There’s a few other ways to fix it, of course. The Blue Box solution is comprehensive and reliable but it requires quite a bit of work to get it going, and you also need to know which database table fields you want to work on specifically – so it can be time consuming unless you’re prepared to really sit down and work on it, either to process everything manually or write a script to do it all for you.

Fortunately there’s an easier way, as described here – basically, all you need to do is export your current dataset with mysqldump, forcing it to latin1, and then re-import it as UTF-8:

mysqldump -h DB_HOST -u DB_USER -p –opt –quote-names –skip-set-charset –default-character-set=latin1 DB_NAME > DB_NAME-dump.sql

mysql -h DB_HOST -u DB_USER -p –default-character-set=utf8 DB_NAME < DB_NAME-dump.sql

We did this for AusGamers.com and it worked perfectly – the only caveat you need to be aware of is that it will mess up UTF-8 characters that are properly encoded aleady. For us this wasn’t a big deal as we were able to clearly identify them and fix them manually.

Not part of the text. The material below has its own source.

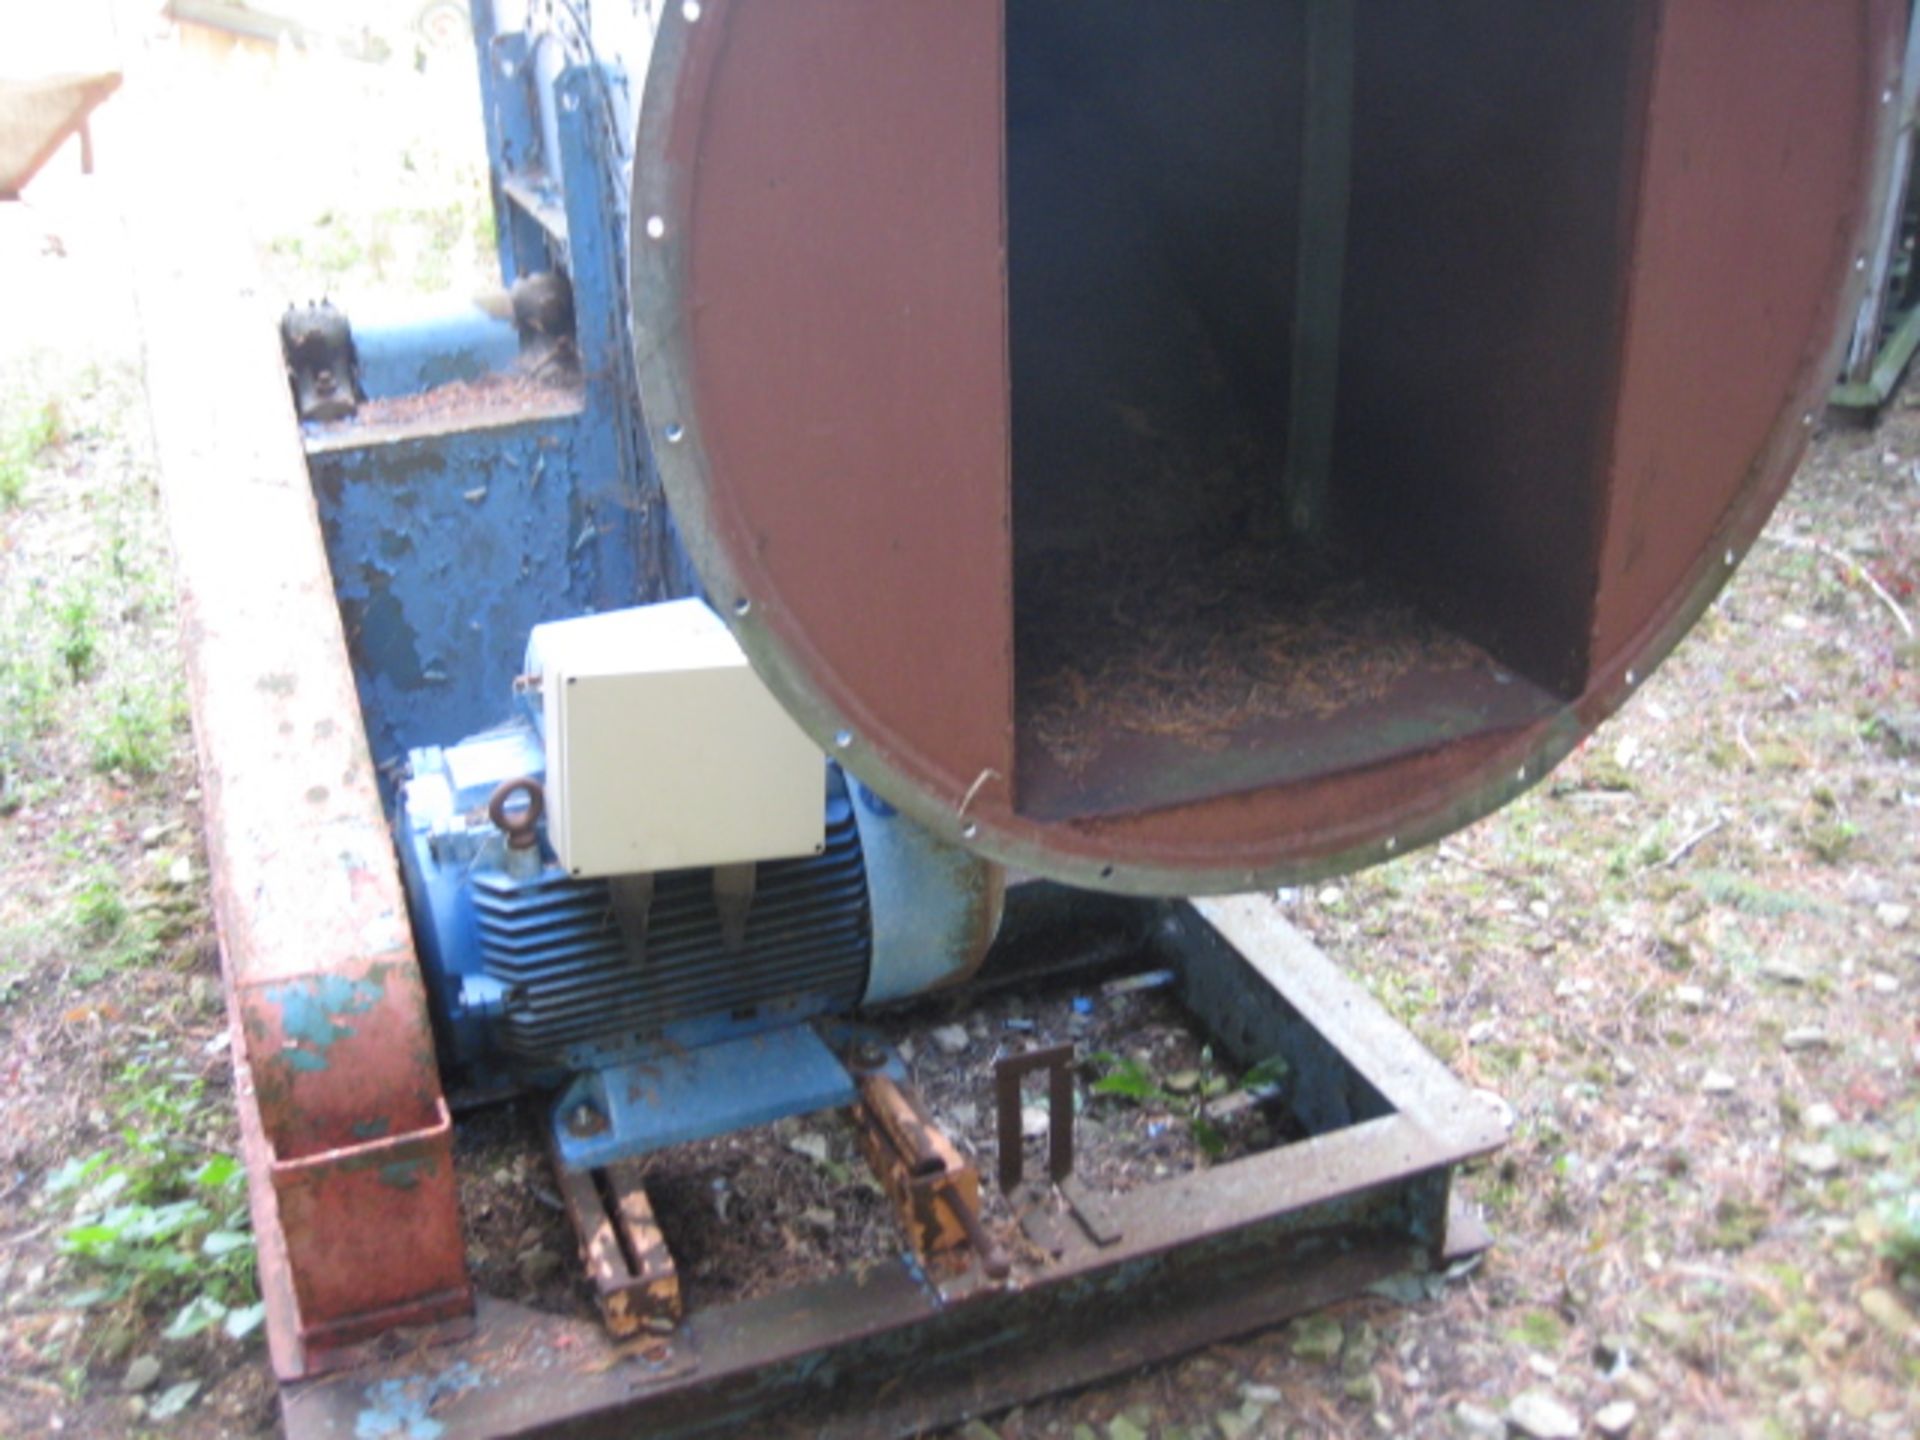 Provenair 30B Centrifugal Belt Driven Fan, size C75, with 30kW motor, loading free of charge - - Image 2 of 5

StackOverflow has yet another approach which might be suitable if you’re dealing with only one or two tables and just want to fix it from the MySQL console or phpMyAdmin or whatever – changing the table character sets on the fly:

ALTER TABLE [tableName] MODIFY [columnName] [columnType] CHARACTER SET latin1
ALTER TABLE MyTable [tableName] [columnName] [columnType] CHARACTER SET binary
ALTER TABLE MyTable [tableName] [columnName] [columnType] CHARACTER SET utf8

This method worked fine for me in a test capacity on a single table but we didn’t end up using it everywhere.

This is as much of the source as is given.